Kevin Brady, a highly regarded Delaware litigator, provides the following synopsis.
In yet another “sign of the troubled financial times” fund investors brought suit when their redemption rights were temporarily suspended. The Court of Chancery denied plaintiffs’ motion for preliminary injunction and then on July 10, 2009, the Court denied their application for certification of an interlocutory appeal and a concurrent motion for injunctive relief pending appeal of the interlocutory order.
Suspended Redemption Rights No Basis For Injunction
Plaintiffs are investors in Steel Partners II, which is managed by Warren Lichtenstein. In the fall of 2008, when investors rushed to redeem approximately 38% of the assets invested in the funds, the funds suspended all redemption rights. The funds then announced a plan with two options. In Option A, the investors’ interests in the assets of the fund would be transferred to a publicly traded limited partnership, and the interests in the partnership would be given to investors in exchange for their existing interests in the funds with no right of redemption with respect to the units of the new entity. In Option B, the default election, there would be a pro rata distribution of securities held by the funds equal to the value of their investments.
After plaintiffs filed a motion to preliminarily enjoin the proposed plan, on June 19, 2009, the Court of Chancery denied the request for an injunction, holding that plaintiffs had failed to establish the threat of immediate and irreparable harm. The plaintiffs alleged that those investors who were relegated to the default Option B by failing to choose one of the options would be harmed because they could obtain more value for the assets by forcing a liquidation as opposed to the distribution under Option B. However, because the plaintiffs could not show that they had the right to force a liquidation or that such a liquidation was likely, the Court held that there was not a threat of immediate and irreparable harm.

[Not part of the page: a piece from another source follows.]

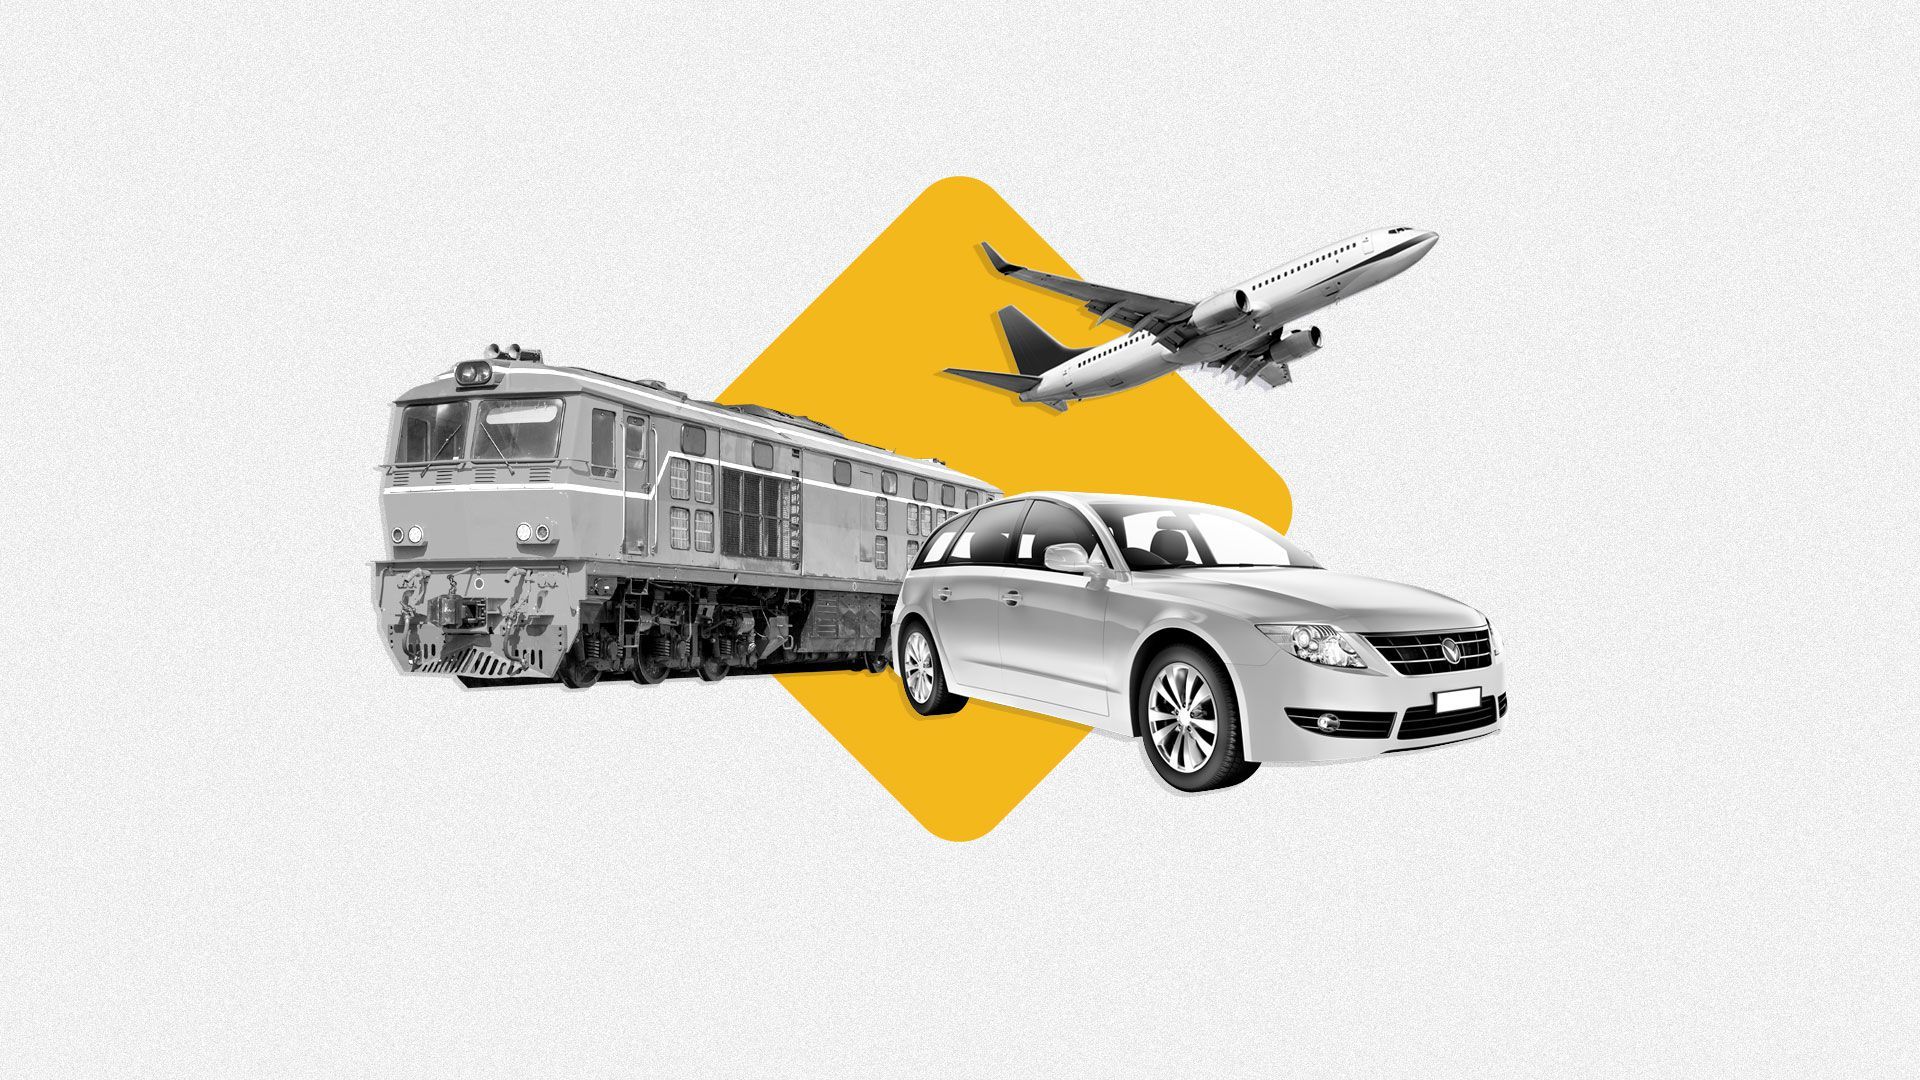 Photo illustration of train, plane, and a car. Caution sign behind the vehicles.

Plaintiffs Failed to Satisfy Supreme Court Rule 42(b)
Applying the first two prongs of the criteria under Supreme Court Rule 42(b), the Court held that the June 19 order did not determine a substantial issue, nor did it establish a legal right. As the Court reasoned, all that was “determined” was “that plaintiffs had failed to establish a sufficient threat of irreparable injury if an injunction were not issued.” This was not a ruling on the merits. Moreover, quoting Chancellor Allen, “the ‘establishment’ of such a ‘non-right’ cannot satisfy Rule 42. If it could, all determinations of such applications would be heard on appeal immediately, which, of course, is not the case.” The practical consequences of a denial of injunctive relief do not rise to the establishment of a legal right.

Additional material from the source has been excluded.